UN diplomats say that Russia is increasingly confident about exercising its power and is pressing back strongly in response to Secretary-General Antonio Guterres’ decision last year to begin a separate inquiry into attacks on civilian sites — including hospitals and schools — in Syria. The attacks occurred even though those facilities had shared their GPS coordinates with the Russian and Syrian militaries to avoid being accidentally hit.
Just days after the budget battle over the human rights investigation that would gather evidence for possible war crimes tribunals, Russia stared down Western powers in marathon negotiations over humanitarian aid corridors into Syria. The U.S. and its allies wanted the UN to be granted at least three access points for aid to be delivered over the following 12 months. The Russians set a limit at two corridors and six months.
‘Playing dice’
Faced with all access being cut if they failed to strike an agreement, Security Council members backed down in January. But the final result left the civilians struggling in one the world’s worst humanitarian disaster zones even more cut off from the outside world.
The decision over aid corridors led to finger-pointing among Western allies, who couldn’t agree on a strategy to confront the Russians. U.K. Ambassador Karen Pierce called it “one of the saddest” days for Syria, accusing Russia of “playing dice with the lives of the Syrian people in the northeast.” U.S. Ambassador Kelly Craft said, “Russia has been tireless in efforts to support the Assad regime and starve the regime’s opponents.”
Russia’s UN Ambassador Vasily Nebenzya says conditions on the ground in Syria have changed and that humanitarian assistance is now coming from within Syria. During a meeting in late January with UN Syria envoy Geir Pedersen, Russian Foreign Minister Sergei Lavrov accused Western countries of applying “double standards” in their attempts to avoid sending “aid to territories controlled by the government.”
‘Staged’ attacks
Russia initially pressured Guterres to narrow the scope of the inquiry into the targeting of civilian sites so that fewer locations were included, and, diplomats say, has also been trying to keep him from releasing the findings. In response, the U.K. Mission to the UN circulated a draft letter in December to allies that would urge the secretary-general to make the findings public.
In his latest remarks, Guterres’ spokesman Stephane Dujarric said the report’s submission has been further delayed until March 13 and that the secretary-general would decide what to do with it only once he’s reviewed the findings.

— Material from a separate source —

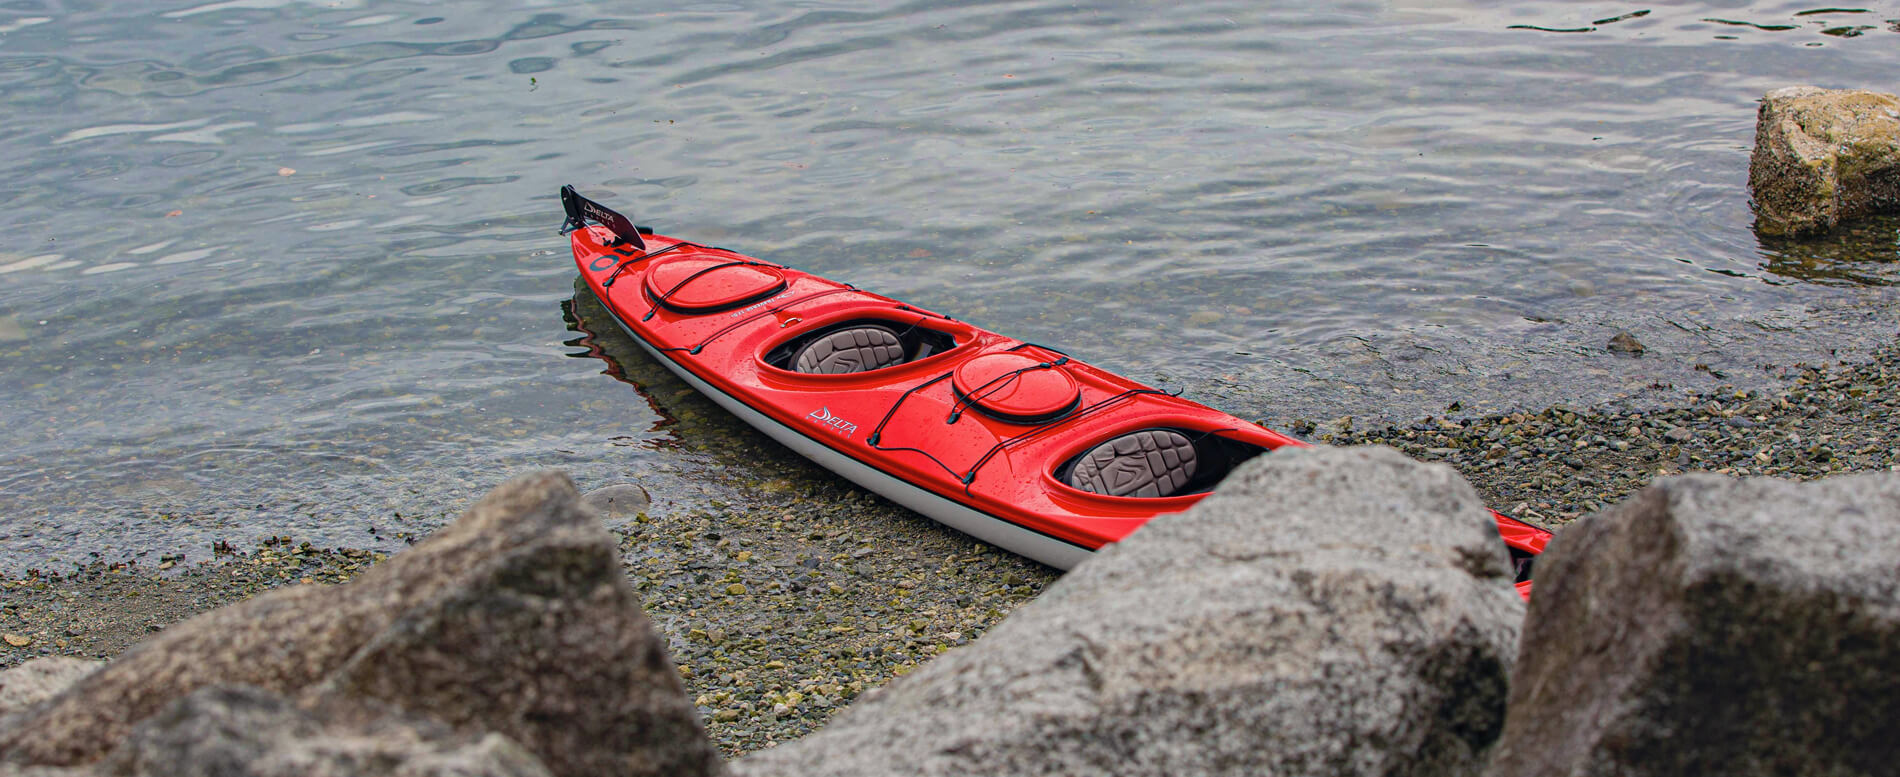 The Ultimate Guide to Buying a Tandem Kayak
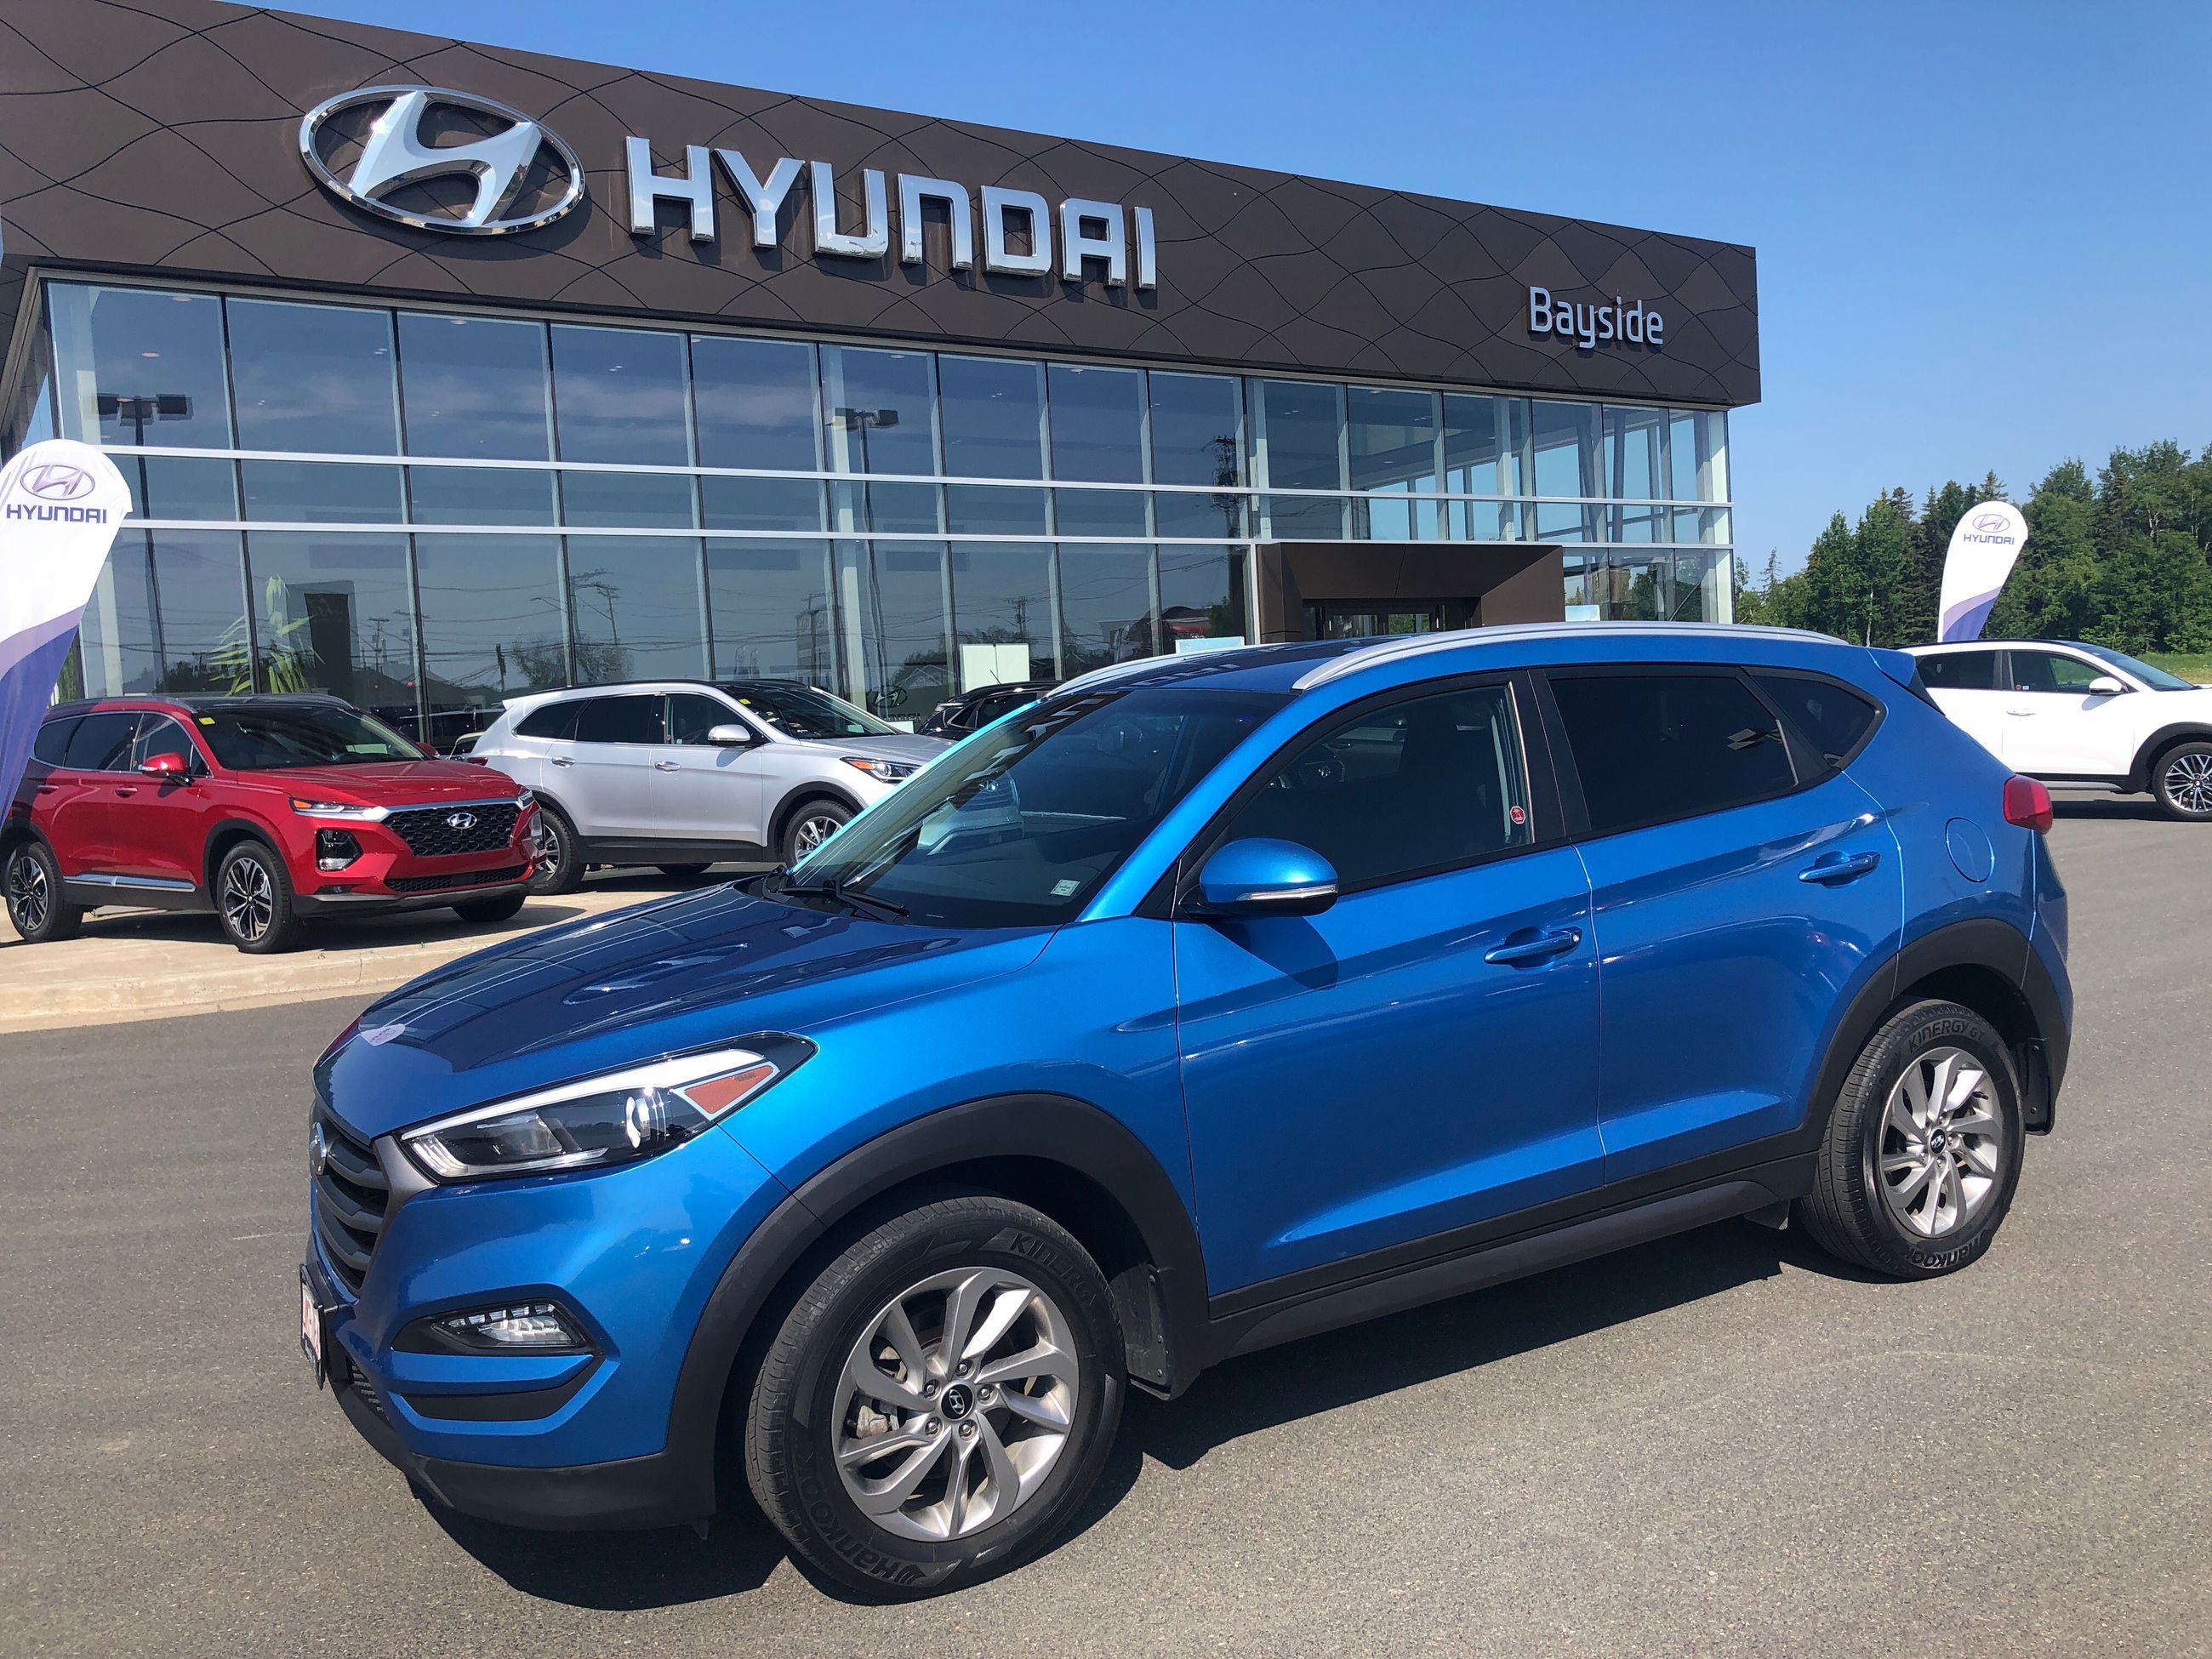 25.08.2017 · which used 2014 hyundai sonata is right for me? Used 2016 Hyundai Tucson Premium in Bathurst - Used

Russia has also clashed with Western nations at the Organization for the Prohibition of Chemical Weapons, a UN agency. In January, Russian officials held a presentation in which they claimed evidence from a chemical weapons attack in Syria in 2018 was “staged.” U.S. Ambassador Cherith Norman Chalet called the effort “a brazen disinformation campaign, waged in advance of the anticipated release” of an OPCW report.
Russian role model
“When Russia and Syria dislike the findings of the UN or the OPCW, they use meetings like this one to undercut those organizations and the facts they provide,” she said.
The U.S., U.K. and Netherlands also say Russia has carried out cyberattacks against the Hague-based chemical weapons agency, which is also examining evidence of a nerve-agent attack in the U.K. in 2018 that British officials have blamed on the Kremlin.
Countering criticism of their tactics, Russian diplomats in January convened UN agency leaders in New York for an event focusing on the nation’s positive contributions to development projects. Ambassador Nebenzya used the event to highlight Russia’s commitment to the development of post-conflict Syria, and criticized countries that tie development funds to political conditions.
Syrian Ambassador Bashar Ja’afari, sitting across the table, nodded approvingly. “Russia,” Ja’afari said, “has always been the role model.”